(Records drawn from a dataset)
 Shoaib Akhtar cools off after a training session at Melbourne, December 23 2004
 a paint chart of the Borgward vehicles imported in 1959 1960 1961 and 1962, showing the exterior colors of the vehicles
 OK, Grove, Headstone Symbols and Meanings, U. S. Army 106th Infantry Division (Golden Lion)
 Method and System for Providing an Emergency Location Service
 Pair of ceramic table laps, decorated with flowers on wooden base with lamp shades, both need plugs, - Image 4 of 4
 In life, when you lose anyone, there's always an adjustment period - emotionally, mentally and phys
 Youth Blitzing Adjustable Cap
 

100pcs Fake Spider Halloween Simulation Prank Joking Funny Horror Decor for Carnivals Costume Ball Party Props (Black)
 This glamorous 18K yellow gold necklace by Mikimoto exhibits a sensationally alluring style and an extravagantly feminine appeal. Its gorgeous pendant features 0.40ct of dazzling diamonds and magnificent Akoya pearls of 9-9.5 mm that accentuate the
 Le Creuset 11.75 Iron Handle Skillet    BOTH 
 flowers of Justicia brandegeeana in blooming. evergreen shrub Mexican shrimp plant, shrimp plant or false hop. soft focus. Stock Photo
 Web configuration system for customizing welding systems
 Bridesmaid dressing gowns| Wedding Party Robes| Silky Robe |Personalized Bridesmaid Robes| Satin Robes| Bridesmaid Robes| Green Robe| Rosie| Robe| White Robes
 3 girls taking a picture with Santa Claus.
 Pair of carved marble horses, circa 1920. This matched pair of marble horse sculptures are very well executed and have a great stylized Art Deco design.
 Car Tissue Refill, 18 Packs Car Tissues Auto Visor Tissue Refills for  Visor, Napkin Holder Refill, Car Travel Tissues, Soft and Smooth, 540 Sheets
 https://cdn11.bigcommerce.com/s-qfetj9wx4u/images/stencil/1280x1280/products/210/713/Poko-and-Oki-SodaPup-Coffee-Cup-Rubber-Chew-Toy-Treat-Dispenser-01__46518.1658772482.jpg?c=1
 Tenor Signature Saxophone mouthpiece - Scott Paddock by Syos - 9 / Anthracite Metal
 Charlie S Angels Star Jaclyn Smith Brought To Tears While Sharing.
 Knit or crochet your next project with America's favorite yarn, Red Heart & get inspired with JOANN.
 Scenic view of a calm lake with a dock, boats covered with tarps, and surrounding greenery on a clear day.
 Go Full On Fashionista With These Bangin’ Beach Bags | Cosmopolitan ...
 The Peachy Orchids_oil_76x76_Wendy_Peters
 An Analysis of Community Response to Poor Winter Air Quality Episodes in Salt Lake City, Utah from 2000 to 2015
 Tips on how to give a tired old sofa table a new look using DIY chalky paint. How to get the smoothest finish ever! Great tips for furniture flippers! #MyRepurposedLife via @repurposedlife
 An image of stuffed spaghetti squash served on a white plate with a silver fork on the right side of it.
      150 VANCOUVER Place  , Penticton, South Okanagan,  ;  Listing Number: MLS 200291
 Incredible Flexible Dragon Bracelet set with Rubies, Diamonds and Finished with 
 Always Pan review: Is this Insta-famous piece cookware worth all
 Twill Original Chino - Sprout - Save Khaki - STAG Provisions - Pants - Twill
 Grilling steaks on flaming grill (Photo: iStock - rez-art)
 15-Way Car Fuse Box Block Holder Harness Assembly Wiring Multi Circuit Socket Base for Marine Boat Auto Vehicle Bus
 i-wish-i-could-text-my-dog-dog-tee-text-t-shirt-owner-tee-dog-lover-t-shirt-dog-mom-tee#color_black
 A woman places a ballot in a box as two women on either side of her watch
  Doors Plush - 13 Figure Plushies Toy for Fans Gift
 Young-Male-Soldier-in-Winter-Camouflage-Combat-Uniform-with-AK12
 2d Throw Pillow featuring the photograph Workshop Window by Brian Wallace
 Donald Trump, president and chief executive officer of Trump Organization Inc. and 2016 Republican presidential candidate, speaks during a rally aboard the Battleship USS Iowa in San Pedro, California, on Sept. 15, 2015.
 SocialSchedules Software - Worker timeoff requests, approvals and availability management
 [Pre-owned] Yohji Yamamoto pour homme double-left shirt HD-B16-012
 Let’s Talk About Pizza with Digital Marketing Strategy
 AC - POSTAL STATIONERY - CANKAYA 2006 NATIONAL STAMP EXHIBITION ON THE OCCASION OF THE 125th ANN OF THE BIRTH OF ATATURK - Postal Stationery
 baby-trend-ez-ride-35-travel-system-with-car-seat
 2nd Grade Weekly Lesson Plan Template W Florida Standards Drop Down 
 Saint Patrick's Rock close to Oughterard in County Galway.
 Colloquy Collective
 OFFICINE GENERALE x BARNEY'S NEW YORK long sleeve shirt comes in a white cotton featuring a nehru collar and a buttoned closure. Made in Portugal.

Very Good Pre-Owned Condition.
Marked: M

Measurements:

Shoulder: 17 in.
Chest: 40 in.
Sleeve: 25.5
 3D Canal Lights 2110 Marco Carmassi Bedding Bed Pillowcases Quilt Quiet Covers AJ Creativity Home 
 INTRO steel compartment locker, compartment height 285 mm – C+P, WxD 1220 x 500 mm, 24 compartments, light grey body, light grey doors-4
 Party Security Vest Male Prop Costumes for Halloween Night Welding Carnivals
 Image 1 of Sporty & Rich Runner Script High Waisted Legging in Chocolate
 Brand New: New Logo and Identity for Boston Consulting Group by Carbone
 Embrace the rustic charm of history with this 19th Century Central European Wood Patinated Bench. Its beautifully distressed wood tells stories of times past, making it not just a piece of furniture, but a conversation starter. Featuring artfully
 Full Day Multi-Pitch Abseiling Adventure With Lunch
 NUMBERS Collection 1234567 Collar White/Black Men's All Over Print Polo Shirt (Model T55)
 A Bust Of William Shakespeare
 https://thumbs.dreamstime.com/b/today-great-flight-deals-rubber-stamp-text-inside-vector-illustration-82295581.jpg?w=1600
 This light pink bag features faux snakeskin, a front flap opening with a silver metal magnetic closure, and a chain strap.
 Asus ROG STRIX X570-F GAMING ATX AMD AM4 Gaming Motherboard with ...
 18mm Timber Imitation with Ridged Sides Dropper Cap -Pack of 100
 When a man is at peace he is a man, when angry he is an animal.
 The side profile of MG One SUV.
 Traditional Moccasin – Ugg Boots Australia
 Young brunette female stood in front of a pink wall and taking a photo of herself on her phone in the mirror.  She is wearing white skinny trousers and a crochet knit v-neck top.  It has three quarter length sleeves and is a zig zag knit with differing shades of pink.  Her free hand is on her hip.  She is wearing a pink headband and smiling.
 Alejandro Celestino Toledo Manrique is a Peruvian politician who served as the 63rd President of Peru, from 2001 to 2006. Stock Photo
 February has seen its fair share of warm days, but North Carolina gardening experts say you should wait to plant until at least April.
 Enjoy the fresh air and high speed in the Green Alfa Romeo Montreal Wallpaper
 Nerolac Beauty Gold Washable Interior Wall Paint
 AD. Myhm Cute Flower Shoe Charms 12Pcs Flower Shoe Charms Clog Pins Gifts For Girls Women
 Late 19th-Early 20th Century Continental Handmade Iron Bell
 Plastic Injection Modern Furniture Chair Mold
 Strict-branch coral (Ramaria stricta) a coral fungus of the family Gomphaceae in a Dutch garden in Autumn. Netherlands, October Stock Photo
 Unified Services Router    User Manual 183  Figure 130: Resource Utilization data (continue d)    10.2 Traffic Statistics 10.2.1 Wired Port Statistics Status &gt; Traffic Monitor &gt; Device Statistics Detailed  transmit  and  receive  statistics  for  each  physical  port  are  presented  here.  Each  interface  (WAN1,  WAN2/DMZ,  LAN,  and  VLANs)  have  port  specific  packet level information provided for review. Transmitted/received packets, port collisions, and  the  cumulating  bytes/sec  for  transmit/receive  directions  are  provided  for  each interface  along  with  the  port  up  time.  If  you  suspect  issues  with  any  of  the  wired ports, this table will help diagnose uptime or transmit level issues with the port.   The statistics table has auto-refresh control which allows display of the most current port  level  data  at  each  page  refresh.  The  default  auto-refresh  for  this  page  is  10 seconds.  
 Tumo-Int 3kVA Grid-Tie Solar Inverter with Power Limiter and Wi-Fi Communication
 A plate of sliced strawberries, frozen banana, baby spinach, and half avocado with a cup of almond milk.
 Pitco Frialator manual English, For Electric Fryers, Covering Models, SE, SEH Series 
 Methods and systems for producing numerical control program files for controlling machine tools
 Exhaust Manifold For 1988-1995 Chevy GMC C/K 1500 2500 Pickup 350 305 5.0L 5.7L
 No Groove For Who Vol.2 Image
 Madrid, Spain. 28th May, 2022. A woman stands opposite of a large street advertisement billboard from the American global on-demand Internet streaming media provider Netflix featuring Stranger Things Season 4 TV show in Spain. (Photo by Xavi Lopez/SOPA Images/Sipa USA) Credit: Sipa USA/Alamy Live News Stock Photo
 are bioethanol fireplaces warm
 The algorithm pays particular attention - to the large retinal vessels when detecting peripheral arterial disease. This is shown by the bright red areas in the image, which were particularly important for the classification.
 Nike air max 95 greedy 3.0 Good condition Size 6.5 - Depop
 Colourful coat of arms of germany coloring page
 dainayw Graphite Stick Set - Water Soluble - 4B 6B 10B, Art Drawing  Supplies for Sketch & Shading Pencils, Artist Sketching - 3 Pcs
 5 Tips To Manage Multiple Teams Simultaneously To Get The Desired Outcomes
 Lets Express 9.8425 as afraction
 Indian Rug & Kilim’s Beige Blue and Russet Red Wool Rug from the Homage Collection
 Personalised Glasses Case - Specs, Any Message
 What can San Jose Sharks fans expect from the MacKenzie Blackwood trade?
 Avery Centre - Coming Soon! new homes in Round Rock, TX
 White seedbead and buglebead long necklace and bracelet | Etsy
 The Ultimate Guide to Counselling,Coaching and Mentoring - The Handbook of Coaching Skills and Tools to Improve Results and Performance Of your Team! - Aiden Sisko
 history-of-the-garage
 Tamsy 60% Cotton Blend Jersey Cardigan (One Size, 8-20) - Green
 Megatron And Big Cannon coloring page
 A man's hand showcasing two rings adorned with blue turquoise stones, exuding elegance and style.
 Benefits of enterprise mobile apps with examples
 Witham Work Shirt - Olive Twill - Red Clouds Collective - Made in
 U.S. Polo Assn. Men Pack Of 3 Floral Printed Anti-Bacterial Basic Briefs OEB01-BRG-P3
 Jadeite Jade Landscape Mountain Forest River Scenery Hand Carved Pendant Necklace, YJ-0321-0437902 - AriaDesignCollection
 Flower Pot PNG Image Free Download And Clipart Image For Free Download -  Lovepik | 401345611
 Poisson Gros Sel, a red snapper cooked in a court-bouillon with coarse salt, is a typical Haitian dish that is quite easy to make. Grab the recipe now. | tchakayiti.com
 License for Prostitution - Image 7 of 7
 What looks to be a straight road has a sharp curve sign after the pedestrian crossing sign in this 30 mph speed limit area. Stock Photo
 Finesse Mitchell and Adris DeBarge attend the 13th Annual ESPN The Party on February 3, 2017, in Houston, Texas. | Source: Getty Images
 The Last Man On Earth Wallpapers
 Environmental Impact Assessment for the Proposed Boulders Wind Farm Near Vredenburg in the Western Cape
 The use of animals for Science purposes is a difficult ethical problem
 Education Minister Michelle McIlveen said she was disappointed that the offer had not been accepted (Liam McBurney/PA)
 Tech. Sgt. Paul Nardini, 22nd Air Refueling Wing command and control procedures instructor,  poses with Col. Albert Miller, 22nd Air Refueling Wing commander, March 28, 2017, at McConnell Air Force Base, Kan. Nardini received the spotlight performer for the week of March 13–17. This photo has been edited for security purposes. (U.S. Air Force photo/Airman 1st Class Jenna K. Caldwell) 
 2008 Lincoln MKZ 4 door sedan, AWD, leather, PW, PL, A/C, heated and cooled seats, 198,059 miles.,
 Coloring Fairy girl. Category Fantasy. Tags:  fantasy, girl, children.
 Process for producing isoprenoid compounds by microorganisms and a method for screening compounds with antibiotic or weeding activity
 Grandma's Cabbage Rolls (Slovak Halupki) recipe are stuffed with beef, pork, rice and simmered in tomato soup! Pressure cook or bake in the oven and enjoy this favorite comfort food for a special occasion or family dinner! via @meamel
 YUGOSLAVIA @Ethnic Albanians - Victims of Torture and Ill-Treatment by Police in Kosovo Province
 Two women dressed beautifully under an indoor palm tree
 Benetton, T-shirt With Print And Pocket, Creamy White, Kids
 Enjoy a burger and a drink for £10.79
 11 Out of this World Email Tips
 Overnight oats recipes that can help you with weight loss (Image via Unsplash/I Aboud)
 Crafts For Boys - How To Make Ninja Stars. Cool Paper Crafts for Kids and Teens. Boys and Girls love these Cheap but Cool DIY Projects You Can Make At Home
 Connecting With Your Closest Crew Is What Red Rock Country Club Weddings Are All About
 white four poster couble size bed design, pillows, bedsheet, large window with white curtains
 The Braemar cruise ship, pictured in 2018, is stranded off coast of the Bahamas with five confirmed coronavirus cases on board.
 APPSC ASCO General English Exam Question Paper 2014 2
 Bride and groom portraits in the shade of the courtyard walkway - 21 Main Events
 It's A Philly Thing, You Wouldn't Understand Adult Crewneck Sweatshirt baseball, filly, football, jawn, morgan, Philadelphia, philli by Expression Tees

**Assignment:**
In the entries above, find the line holding "Full Day Multi-Pitch" and the line holding "The side profile of MG One SUV.", then retype exactly those two lines and every line between them, and nothing else.

**Finished exercise:**
 Full Day Multi-Pitch Abseiling Adventure With Lunch
 NUMBERS Collection 1234567 Collar White/Black Men's All Over Print Polo Shirt (Model T55)
 A Bust Of William Shakespeare
 https://thumbs.dreamstime.com/b/today-great-flight-deals-rubber-stamp-text-inside-vector-illustration-82295581.jpg?w=1600
 This light pink bag features faux snakeskin, a front flap opening with a silver metal magnetic closure, and a chain strap.
 Asus ROG STRIX X570-F GAMING ATX AMD AM4 Gaming Motherboard with ...
 18mm Timber Imitation with Ridged Sides Dropper Cap -Pack of 100
 When a man is at peace he is a man, when angry he is an animal.
 The side profile of MG One SUV.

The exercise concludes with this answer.